## Dataset extract

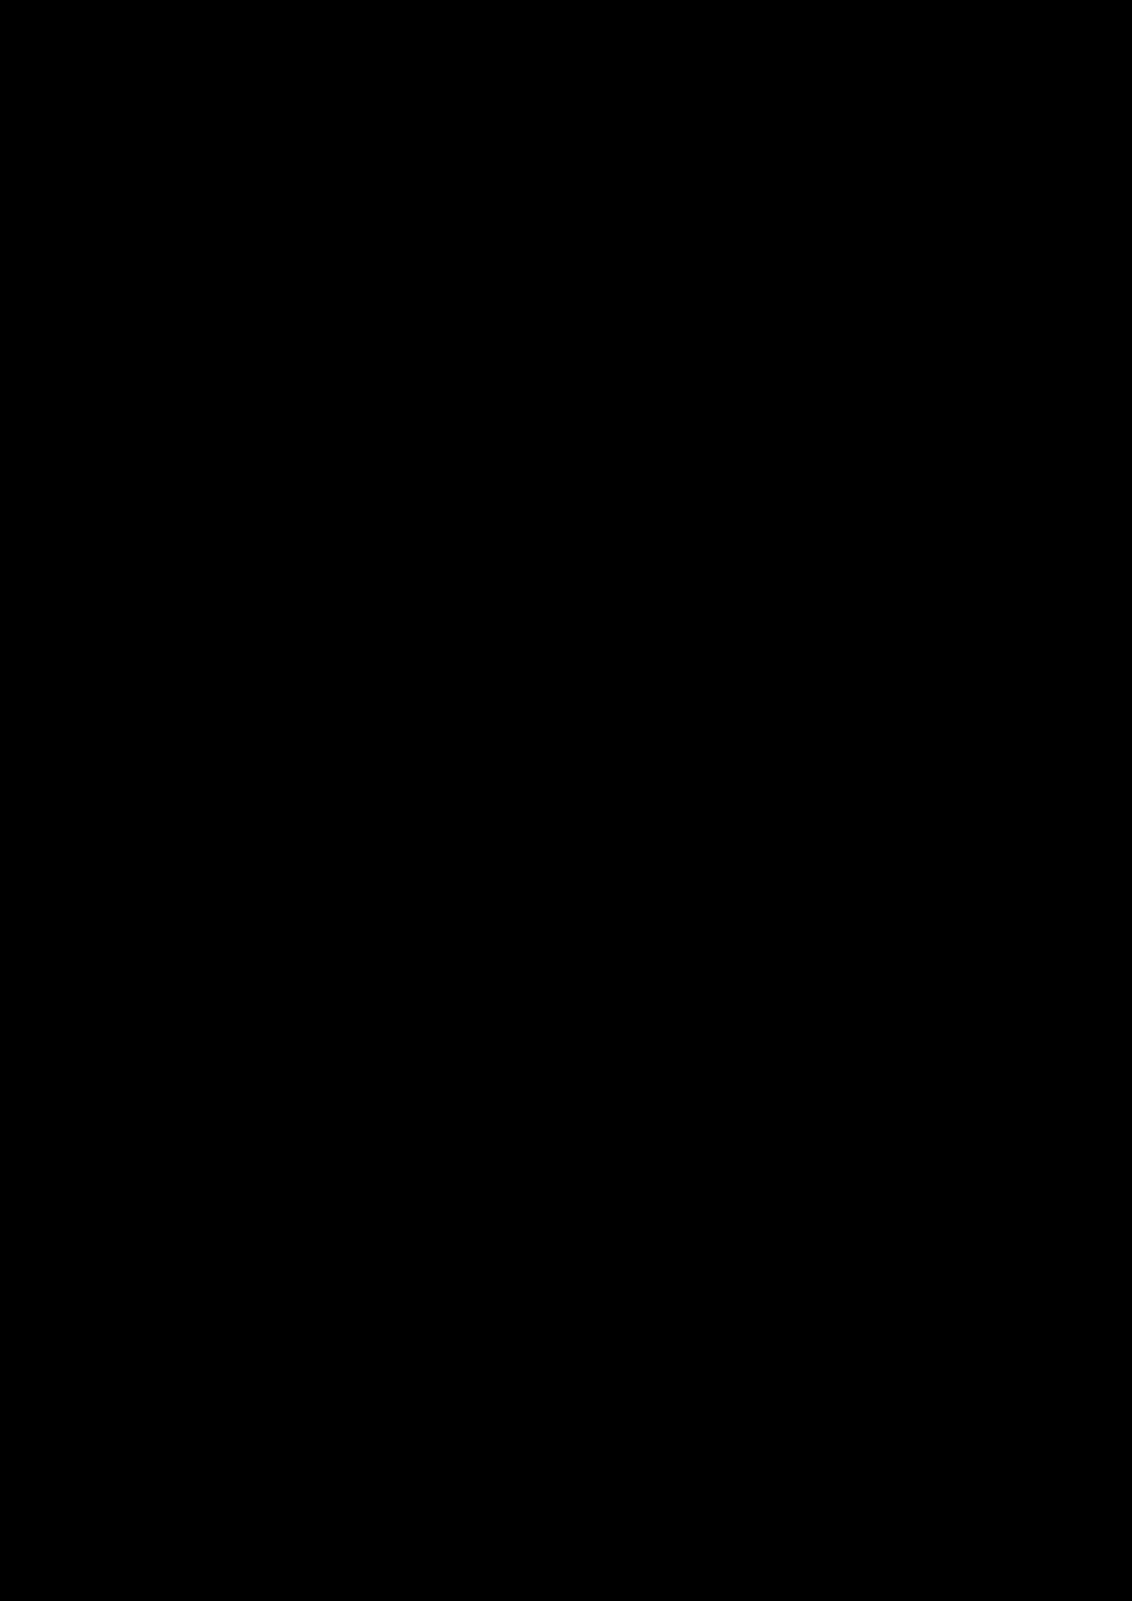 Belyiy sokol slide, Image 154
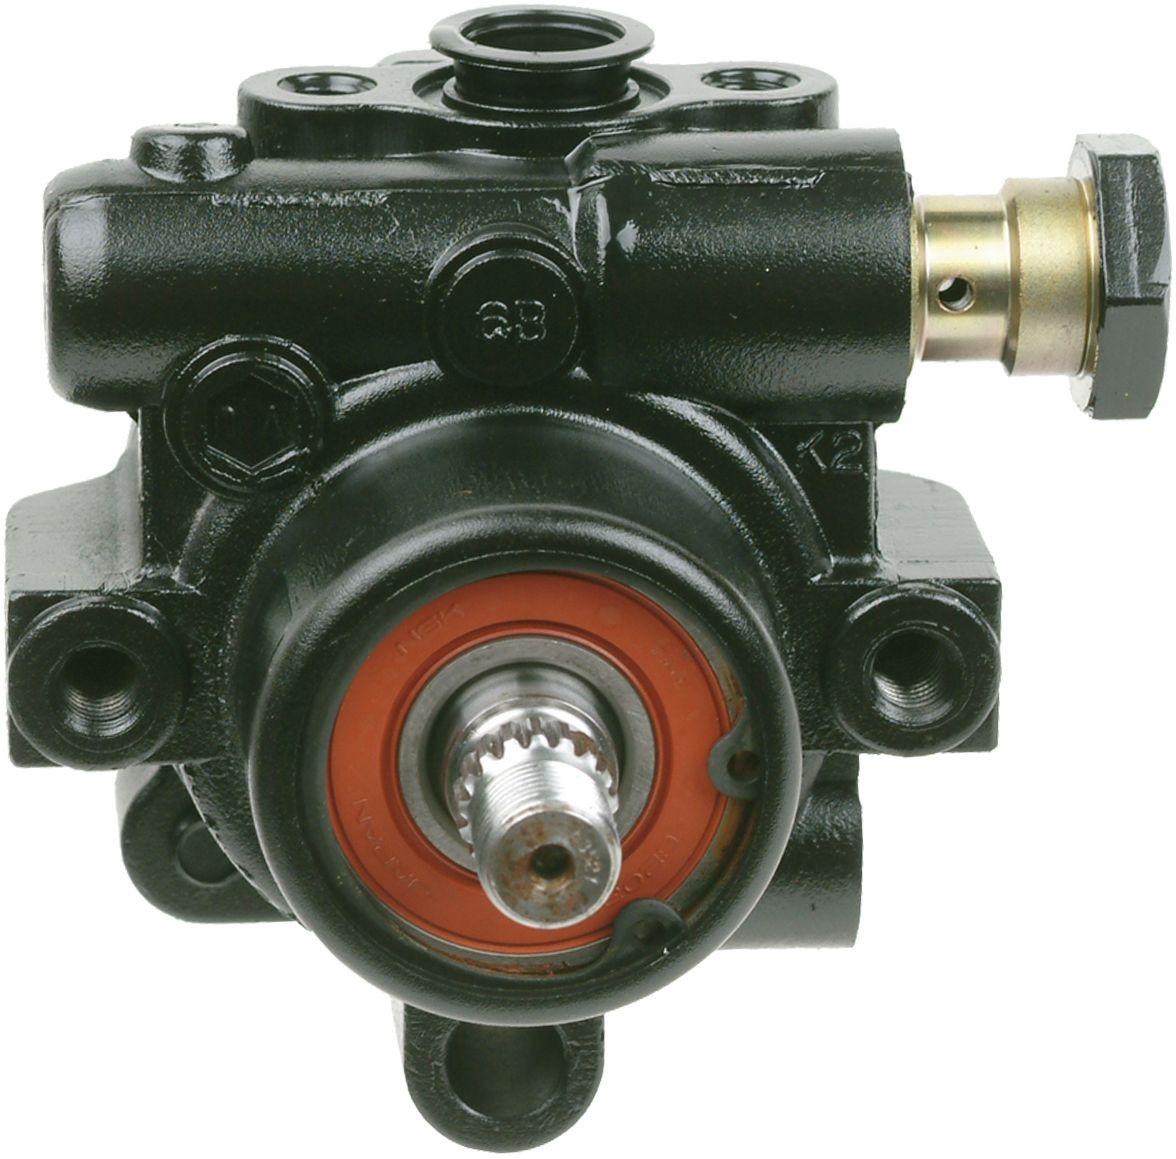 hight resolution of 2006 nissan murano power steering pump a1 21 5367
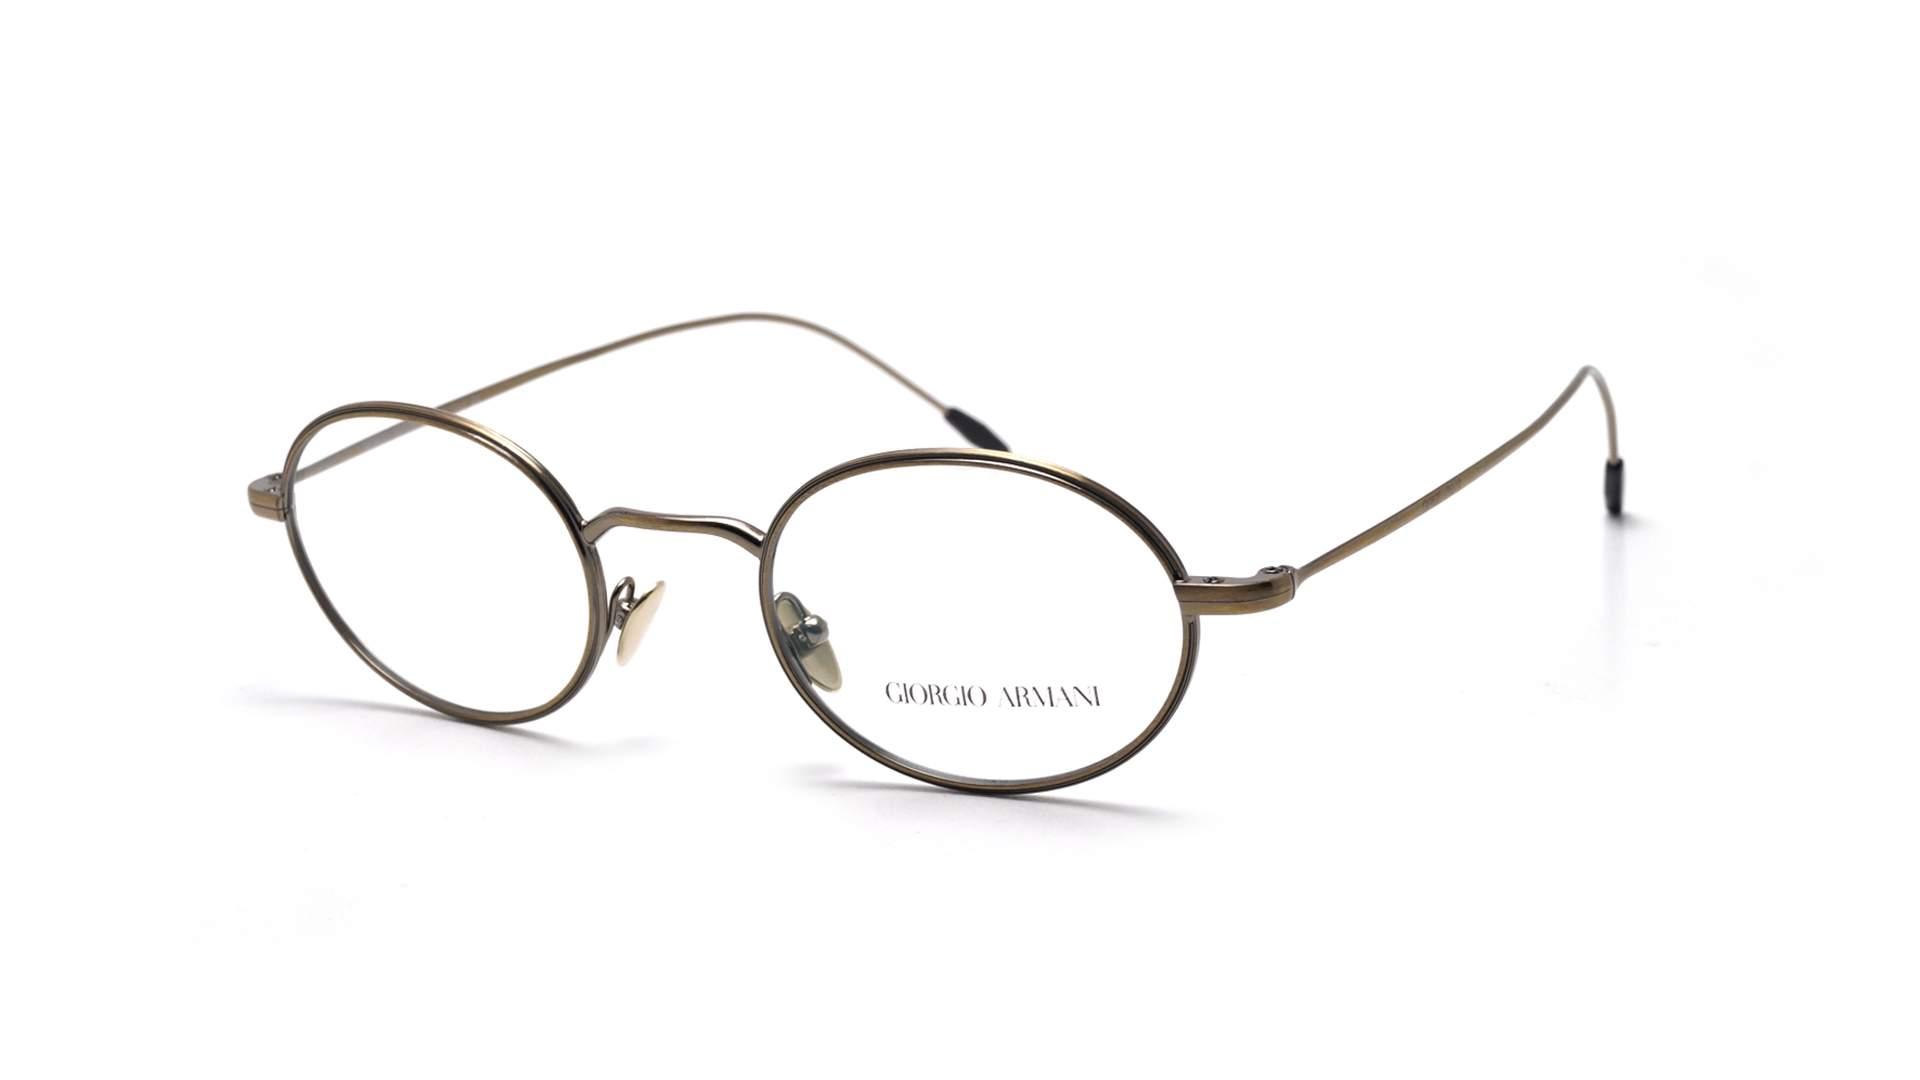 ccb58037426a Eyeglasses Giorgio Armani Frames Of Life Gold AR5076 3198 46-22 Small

## What the task asks
Please return the full listing exactly as given, with the images left out.

## Response to the exercise
 Belyiy sokol slide, Image 154
 hight resolution of 2006 nissan murano power steering pump a1 21 5367
 ccb58037426a Eyeglasses Giorgio Armani Frames Of Life Gold AR5076 3198 46-22 Small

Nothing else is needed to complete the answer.